Damp soaking into his belly fur woke Jaypaw. His muscles felt stiff and cramped with cold as he raised his head and looked around. He was in the underground cave, lit by a trickle of daylight from the roof far above his head. The river f lowed past him a couple of tail-lengths away.

Jaypaw staggered to his paws. He expected to see Rock, but the ledge where the ancient cat usually crouched was empty, and there was no sign of him anywhere in the cave.

Soft paw steps sounded behind Jaypaw; he spun around to see a ginger-and-white tom standing at the entrance to one of the tunnels.

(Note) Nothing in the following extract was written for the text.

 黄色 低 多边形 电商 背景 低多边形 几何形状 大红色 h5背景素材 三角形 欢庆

His green eyes looked haunted and somber, as if he couldn’t shake off the memory of drowning when rain flooded the tunnels.

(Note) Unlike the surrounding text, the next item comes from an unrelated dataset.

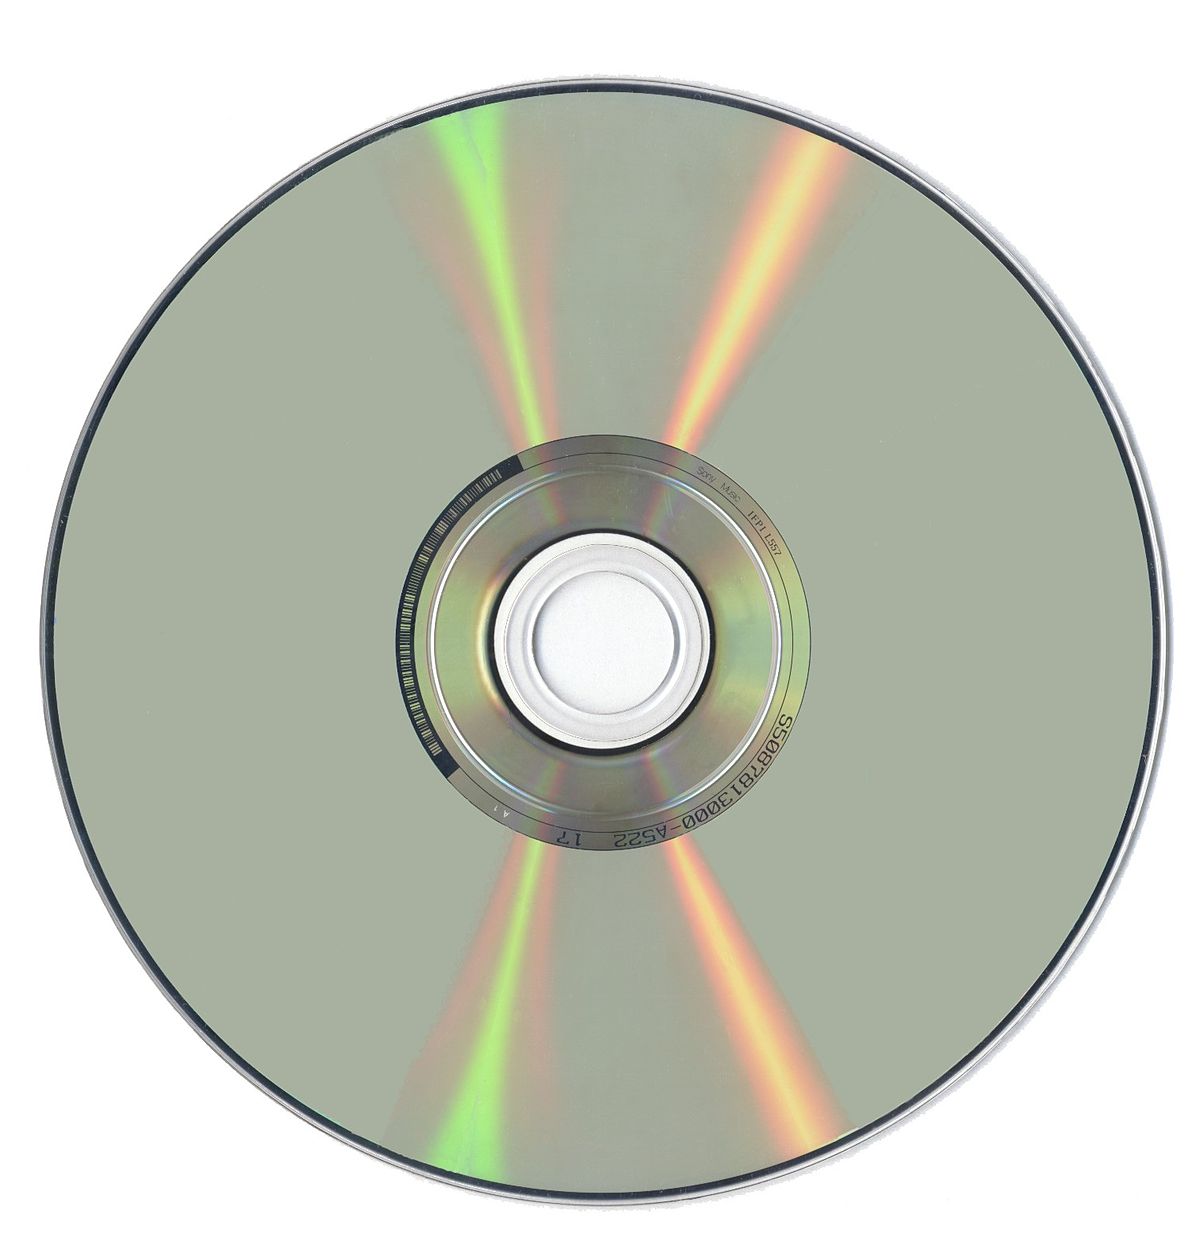 The Best CD Repair Kits of 2023

“Fallen Leaves!” Jaypaw exclaimed.

“I didn’t think you would come back.” Aching loneliness vibrated in the ancient cat’s voice. “Are you going to stay with me this time?”

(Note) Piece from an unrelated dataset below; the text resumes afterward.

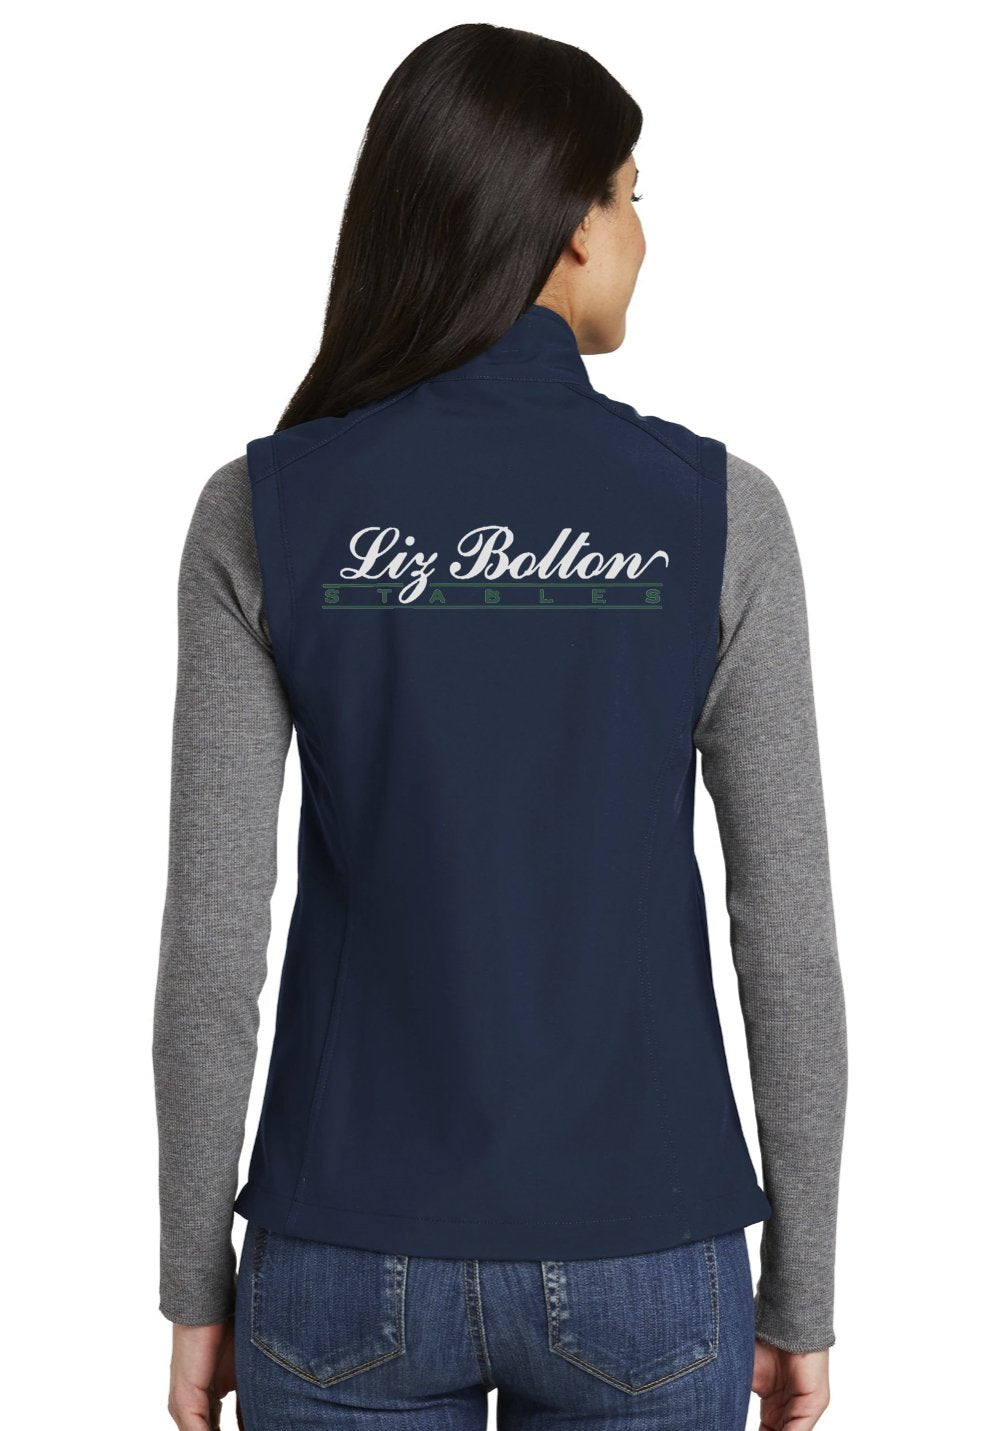 Liz Bolton Stables Port Authority® Womens Core Soft Shell Vest - Color Options

Sympathy stabbed Jaypaw, sharp as a thorn in his pad. He couldn’t imagine what it would be like to be trapped down here, alone, for countless seasons. The last time he had seen

Fallen Leaves, the ancient cat had saved his life, and the lives of his littermates and WindClan cats, when floodwaters had risen while they were looking for the lost kits.

“What happened to your Clanmates?” Jaypaw asked. “Why did they leave the lake?”

Fallen Leaves looked down at his paws. “I don’t know. I only knew that they had gone. Sharpclaws stopped coming into the tunnels, and the only sound from the moor was the wind. I have been on my own here for so long, I have lost count of the moons.” He raised his head, his green eyes pleading. “You and your friends were the first cats I had seen down here since… since I came in.”

“I have to know why they left!” Jaypaw meowed; he couldn’t explain it, but he was certain that the fate of those long-ago cats was bound up with the prophecy. Meeting Rock, finding the stick, feeling the whispers of ancient cats around him when he went to the Moonpool: None of that had happened by chance, he was sure.

He bounded toward the tunnel that led up into ThunderClan territory, brushing aside Fallen Leaves, who stared after him in dismay.

“Wait!” Fallen Leaves called out. “I thought you were going to stay with me.”

“I have to know what happened,” Jaypaw insisted with a last glance over his shoulder. The drowned cat was standing at the end of the tunnel, his eyes wide and distressed.

Jaypaw forced anger to stifle his pity. “How can I stay with him?” he muttered as he padded forward into the thick blackness of the tunnel. “There are too many things I need to find out. I can’t spend all my time hanging out with a dead cat!”

He expected to emerge in the woods above the hollow, awake and blind once more, or perhaps find himself on the lakeshore with the stick. Instead, daylight began to gleam on the walls ahead of him, growing stronger as he padded on. He could hear the sound of leaves rustling in the wind.

“I must be still dreaming,” he whispered.

His paws tingling, Jaypaw headed for the light. Rounding a curve in the tunnel, he saw a circle of daylight ahead of him.

Excited voices broke the silence.

“Is it him?”

“He’s later than I thought he’d be.”

“Do you think he got lost?”

Jaypaw slowed his pace. Even if he was coming up inside

WindClan, he should have known some of the voices, but they were all strange to him. And he didn’t recognize any of the scents drifting toward him from the tunnel mouth. Where was he, and who was waiting for him?

Then another voice reached him, making his paws freeze to the floor of the tunnel.

“Jay’s Wing? Jay’s Wing, is that you?”